Литмир - Электронная Библиотека

— Правильно. Получите еще двести.

Штандартенфюрер опустил шкатулку на стол, извлек из кармана бумажник и стал неспеша отсчитывать деньги из рук в руки.

Неожиданно в дверях появился адъютант.

— Ввести арестованных?

Кляйвист смешался. Приняв, должно быть, его молчание за разрешение, однорукий сделал знак, и несколько эсэсовцев ввели связанного бородача в папахе с красной партизанской ленточкой. Офицер с продырявленным галифе втолкнул спиной вперед упиравшуюся девушку; сквозь разодранное ситцевое платье просвечивал багрово синий след плети.

Ленц оцепенел. Перед ним была Шура…

Дневник из сейфа - pic_10.png

— Что такое, Цоглих? — штандартенфюрер попытался загородить Ленца. — Я еще занят, не видите?

— Извините, шеф, мне показалось, вы вызвали следующих.

— Ах да! — Кляйвист обнаружил, что шкатулка была нечаянно опущена на кнопку вызова. — Вон их, вон, в следовательский. Некогда мне заниматься мелкой рыбешкой.
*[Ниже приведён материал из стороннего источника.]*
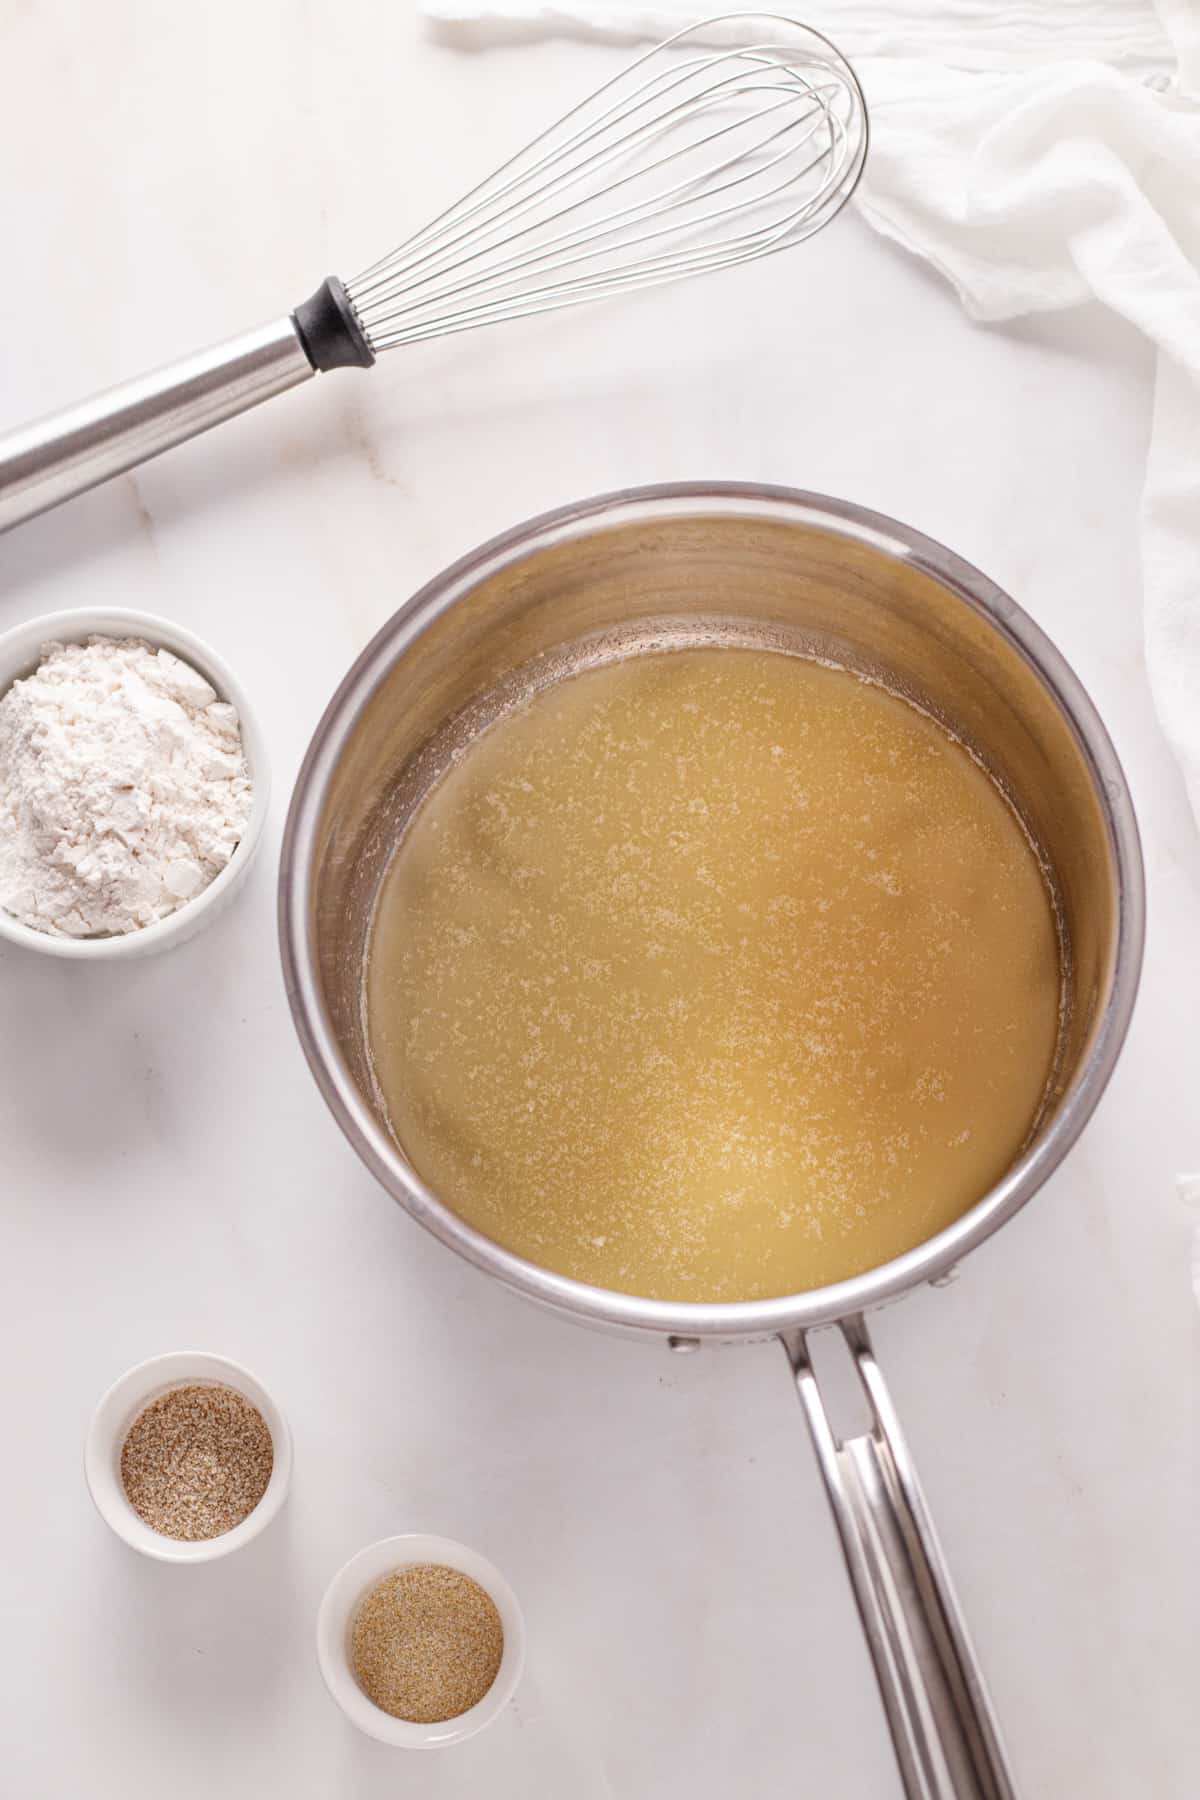 Melted butter in a stainless steel pot.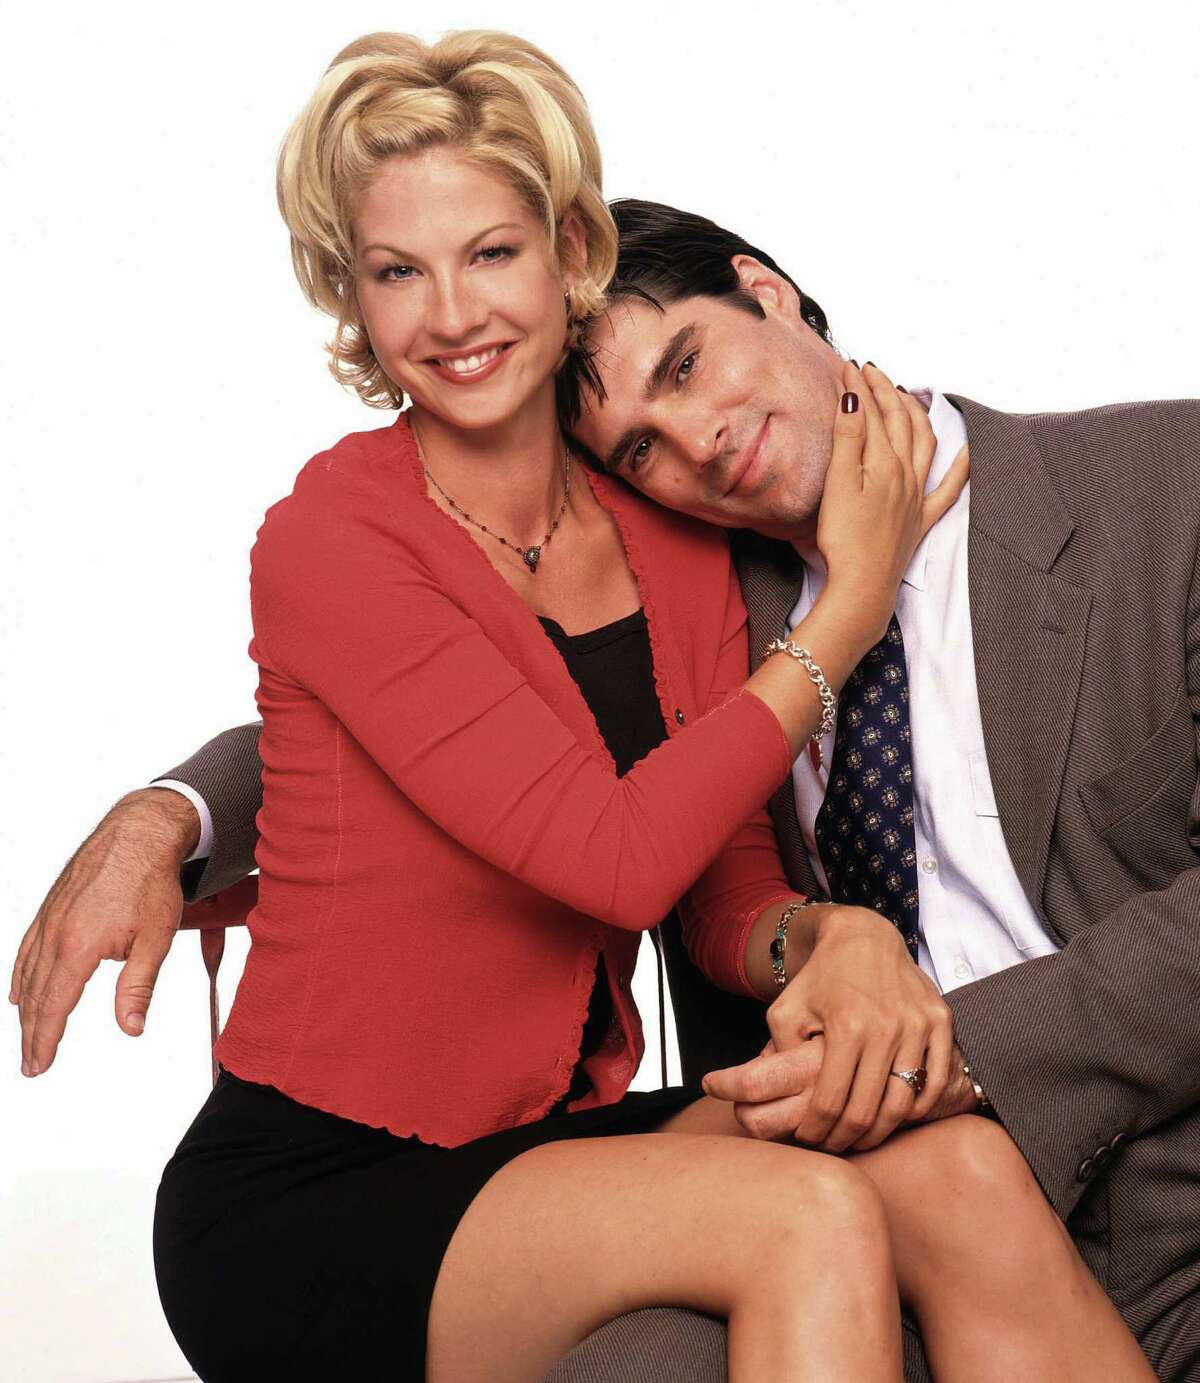 DHARMA & GREG-- Jenna Elfman and Thomas Gibson star in a new, life-affirming, romantic comedy, DHARMA & GREG, which will premiere WEDNESDAY, SEPT. 24 (8:30-9 pm, ET) on the ABC Television Network.

Эсэсовцы вывели партизана. Девушка, как завороженная, смотрела на застывшего Ленца.

— Петер Фридрихович…

— Если не ошибаюсь, ваша хозяйка? Представьте, оказалась в связи с партизанами. — Кляйвист погрозил разведчику длинным пальцем. — Смотрите, как бы теперь я на вас не донес. За потерю бдительности! — И невесело рассмеялся. — Но что с вами? — заботливо осведомился он. — Цоглих, я же просил отвести преступников в следовательский! — И когда адъютант вывел Шуру, заговорщически шепнул. — Боитесь, он догадался о нашей сделке? Чепуха, я объясню ему, что перекупил у вас ценную русскую икону, договорились?

Он помог Ленцу подняться, вывел в приемную и дружески пожал руку.

— Рад, рад, что мы пришли к взаимному соглашению. Эй, Цоглих, подождите! Мою машину господину Ленцу.

Комкая в кармане денежные купюры, разведчик прошел мимо рвущегося из рук эсэсовца партизана, мимо широко раскрытых, почерневших от ужаса Шуриных глаз и побрел по коридору, не оглядываясь.

…Не мог же Кляйвист, в самом деле, поверить, что я — сотрудник абвера.

И Шура-Шуринька…

Казнь

Послеполуденный зной мало-помалу спадал, но в сарае было по-прежнему нестерпимо душно.

Бородатый стоял на коленях у стены и, упершись широкими, как лопаты, ладонями в трухлявые доски, тоскливо наблюдал в щель за тем, как деревенские полицаи, понукаемые эсэсманом, прилаживают, не торопясь, три петли на широком дубе.

— Да ты поплачь, девонька, не стесняйся, — прошепелявил Шуре старик. Он сидел, подобрав корявые босые ноги, и жевал черный сухарь. — Поплачь, оно чуток и полегшает.

А Шуре никак не удавалось заплакать. Она лежала на земле и старалась не думать ни о чем, смотрела на чахлую травку, проросшую в углу сарая, слушала, как там, на воле, деловито гудят мохнатые шмели.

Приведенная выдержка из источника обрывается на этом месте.